Nachdem der Bundesgerichtshof am 13.06.2007 in einem Verfahren zur Billigkeit von Gaspreisen entschieden hat, hat das Gericht den Parteien mit Verfügung vom 27.06.2007 Gelegenheit gegeben, zu diesem Urteil Stellung zu nehmen.

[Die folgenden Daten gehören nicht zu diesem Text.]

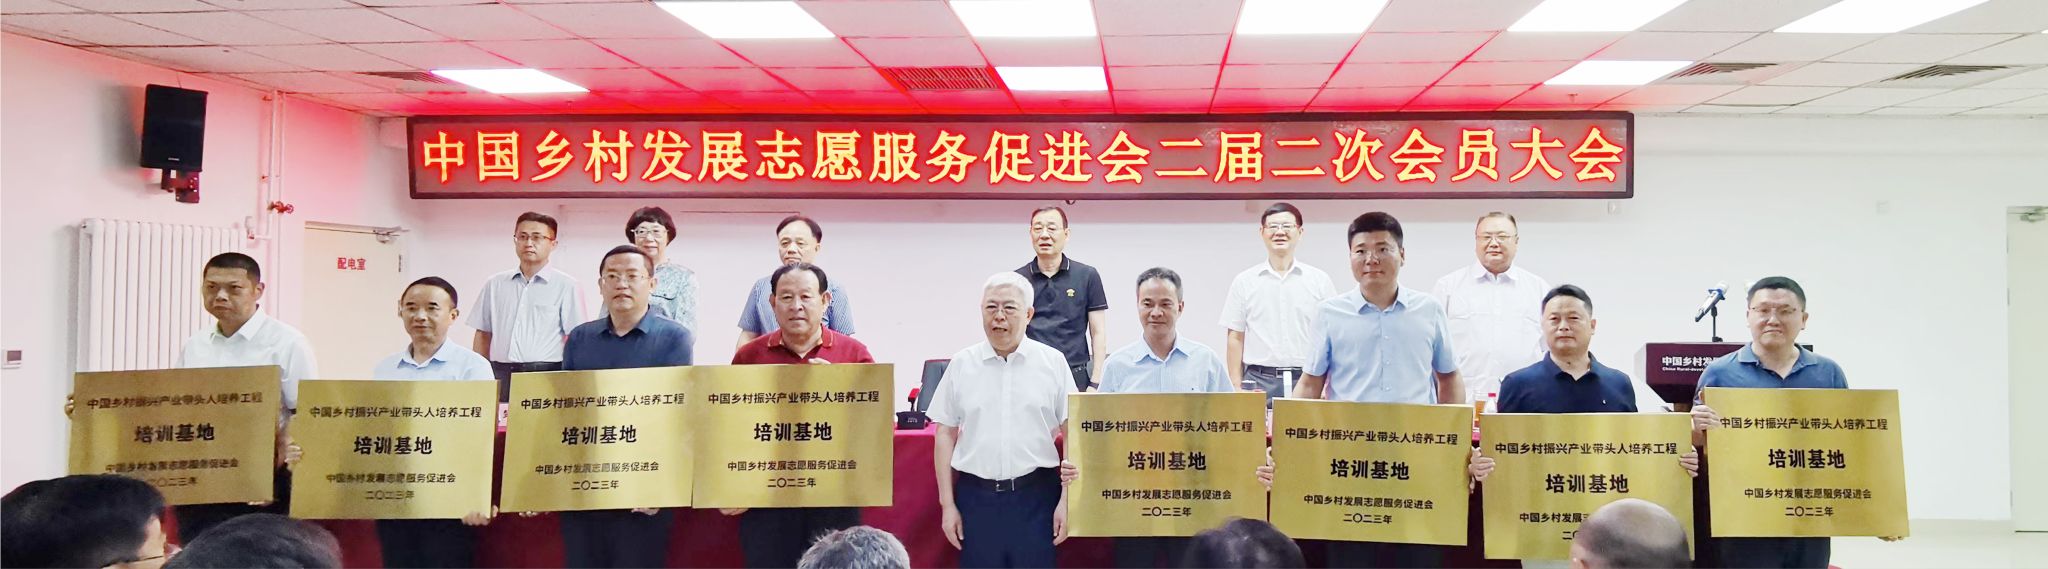 喜报 |泉州海洋学院被授予“中国乡村振兴产业带头人培养工程·培训基地”称号

Das Gericht hatte einen Termin zur erneuten mündlichen Verhandlung bestimmt auf den 08. April 2008, 10.00 Uhr, Saal für Strafsachen SS 036 beim Landgericht Chemnitz, Hohe Str. 19/23.
In diesem Termin hat das Gericht an seiner vorläufigen Rechtsauffassung, nach der es sich bei den Klägern um Tarifkunden handelt, festgehalten. In Anlehnung an die Rechtsprechung des Bundesgerichtshofes vom 13.06.2007 hat das Gericht auch die bisher vorgelegten Nachweise zur Angemessenheit des Preises als angemessen angesehen, weil nach Auffassung des Gerichtes aus den vorgelegten Unterlagen hervorgeht, dass nur die Bezugskosten weitergegeben wurden und mit den Preiserhöhungen keine zusätzlichen Gewinne realisiert wurden.